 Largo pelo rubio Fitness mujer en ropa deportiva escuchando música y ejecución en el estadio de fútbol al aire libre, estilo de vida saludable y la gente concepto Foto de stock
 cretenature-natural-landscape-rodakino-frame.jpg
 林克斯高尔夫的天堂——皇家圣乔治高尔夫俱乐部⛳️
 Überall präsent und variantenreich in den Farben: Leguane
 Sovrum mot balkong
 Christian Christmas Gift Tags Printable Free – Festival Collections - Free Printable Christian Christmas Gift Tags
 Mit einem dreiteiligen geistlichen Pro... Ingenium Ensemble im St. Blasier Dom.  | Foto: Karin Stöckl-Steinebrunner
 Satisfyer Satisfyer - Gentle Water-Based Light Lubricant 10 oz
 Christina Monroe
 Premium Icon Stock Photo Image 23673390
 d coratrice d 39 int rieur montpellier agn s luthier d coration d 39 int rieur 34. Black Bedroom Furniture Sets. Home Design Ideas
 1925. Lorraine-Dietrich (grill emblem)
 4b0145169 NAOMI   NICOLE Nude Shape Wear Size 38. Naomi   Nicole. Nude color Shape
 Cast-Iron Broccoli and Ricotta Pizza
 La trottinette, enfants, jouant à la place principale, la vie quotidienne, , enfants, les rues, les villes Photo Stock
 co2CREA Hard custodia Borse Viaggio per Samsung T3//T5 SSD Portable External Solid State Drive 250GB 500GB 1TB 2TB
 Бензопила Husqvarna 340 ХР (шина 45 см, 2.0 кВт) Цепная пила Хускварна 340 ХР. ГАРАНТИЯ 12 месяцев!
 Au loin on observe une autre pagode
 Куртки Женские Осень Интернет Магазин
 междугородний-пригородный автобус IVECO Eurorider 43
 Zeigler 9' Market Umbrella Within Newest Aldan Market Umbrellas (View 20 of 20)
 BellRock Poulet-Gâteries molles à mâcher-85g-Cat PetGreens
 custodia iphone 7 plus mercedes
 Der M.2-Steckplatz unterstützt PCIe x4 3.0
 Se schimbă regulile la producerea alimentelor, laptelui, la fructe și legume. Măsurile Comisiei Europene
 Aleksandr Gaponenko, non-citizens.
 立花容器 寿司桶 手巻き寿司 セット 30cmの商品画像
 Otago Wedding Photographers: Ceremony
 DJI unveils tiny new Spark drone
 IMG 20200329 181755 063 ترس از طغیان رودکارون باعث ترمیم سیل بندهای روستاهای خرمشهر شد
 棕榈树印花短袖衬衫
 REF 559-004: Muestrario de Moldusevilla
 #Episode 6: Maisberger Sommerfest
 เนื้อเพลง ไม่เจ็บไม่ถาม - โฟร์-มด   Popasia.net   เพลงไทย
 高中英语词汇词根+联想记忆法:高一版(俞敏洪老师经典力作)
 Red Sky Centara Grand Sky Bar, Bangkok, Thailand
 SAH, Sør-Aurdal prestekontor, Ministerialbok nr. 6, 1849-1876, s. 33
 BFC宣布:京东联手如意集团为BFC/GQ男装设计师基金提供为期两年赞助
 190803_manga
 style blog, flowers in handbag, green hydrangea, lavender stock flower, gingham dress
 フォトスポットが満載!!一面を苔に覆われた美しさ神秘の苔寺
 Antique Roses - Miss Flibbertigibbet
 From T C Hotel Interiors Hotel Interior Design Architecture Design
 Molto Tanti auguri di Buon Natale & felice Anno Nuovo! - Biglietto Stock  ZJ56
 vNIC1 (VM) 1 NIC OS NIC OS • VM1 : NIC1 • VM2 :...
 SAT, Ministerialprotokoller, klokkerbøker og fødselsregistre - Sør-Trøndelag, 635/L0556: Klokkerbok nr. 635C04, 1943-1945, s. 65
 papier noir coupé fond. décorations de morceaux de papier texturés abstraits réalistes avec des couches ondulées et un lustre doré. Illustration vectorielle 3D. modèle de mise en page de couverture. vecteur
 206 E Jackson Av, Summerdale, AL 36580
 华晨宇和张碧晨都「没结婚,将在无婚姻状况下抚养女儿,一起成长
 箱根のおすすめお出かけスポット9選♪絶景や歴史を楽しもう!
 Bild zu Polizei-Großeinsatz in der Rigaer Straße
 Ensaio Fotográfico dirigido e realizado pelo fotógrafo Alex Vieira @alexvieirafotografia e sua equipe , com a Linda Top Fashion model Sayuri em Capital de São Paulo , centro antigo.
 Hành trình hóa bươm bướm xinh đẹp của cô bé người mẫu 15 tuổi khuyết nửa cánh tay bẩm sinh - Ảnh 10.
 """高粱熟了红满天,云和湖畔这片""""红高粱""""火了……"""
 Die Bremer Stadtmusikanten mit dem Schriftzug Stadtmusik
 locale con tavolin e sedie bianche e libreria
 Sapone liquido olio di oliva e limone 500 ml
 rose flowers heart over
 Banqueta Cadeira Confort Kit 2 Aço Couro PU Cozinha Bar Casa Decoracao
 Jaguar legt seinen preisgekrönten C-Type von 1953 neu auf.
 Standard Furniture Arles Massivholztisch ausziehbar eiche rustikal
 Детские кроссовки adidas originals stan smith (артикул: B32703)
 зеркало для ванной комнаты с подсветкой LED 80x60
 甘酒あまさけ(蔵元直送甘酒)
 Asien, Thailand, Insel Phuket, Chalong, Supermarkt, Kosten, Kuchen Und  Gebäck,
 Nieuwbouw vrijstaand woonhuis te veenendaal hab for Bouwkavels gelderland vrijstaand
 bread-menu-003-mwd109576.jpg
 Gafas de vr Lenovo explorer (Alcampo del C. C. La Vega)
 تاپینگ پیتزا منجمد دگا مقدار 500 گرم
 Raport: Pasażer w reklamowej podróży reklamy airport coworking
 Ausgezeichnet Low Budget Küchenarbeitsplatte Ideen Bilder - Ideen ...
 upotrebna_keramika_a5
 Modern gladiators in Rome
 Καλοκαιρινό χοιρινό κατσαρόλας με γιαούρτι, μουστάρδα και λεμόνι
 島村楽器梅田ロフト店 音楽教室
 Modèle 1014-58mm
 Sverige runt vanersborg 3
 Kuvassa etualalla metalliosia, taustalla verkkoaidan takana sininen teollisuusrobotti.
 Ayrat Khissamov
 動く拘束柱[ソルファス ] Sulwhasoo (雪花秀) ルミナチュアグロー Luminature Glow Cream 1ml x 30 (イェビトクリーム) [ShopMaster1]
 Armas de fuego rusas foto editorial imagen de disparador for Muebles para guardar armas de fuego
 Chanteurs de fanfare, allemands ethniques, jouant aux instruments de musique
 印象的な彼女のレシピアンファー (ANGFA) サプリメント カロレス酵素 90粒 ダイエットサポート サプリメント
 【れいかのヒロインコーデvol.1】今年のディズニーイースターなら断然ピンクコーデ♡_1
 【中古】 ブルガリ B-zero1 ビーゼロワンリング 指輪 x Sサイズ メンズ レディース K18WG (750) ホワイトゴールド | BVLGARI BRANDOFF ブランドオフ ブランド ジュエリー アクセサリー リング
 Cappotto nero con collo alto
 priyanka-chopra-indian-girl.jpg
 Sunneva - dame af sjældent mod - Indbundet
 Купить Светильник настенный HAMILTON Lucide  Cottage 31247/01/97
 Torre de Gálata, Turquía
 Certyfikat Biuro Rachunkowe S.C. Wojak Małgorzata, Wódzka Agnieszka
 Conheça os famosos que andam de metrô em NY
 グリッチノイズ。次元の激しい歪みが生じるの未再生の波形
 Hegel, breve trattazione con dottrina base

■ Exercise directions ■
The lines sought are those in the data above that include the string "Furniture"; copy each one.

■ Task output ■
 d coratrice d 39 int rieur montpellier agn s luthier d coration d 39 int rieur 34. Black Bedroom Furniture Sets. Home Design Ideas
 Standard Furniture Arles Massivholztisch ausziehbar eiche rustikal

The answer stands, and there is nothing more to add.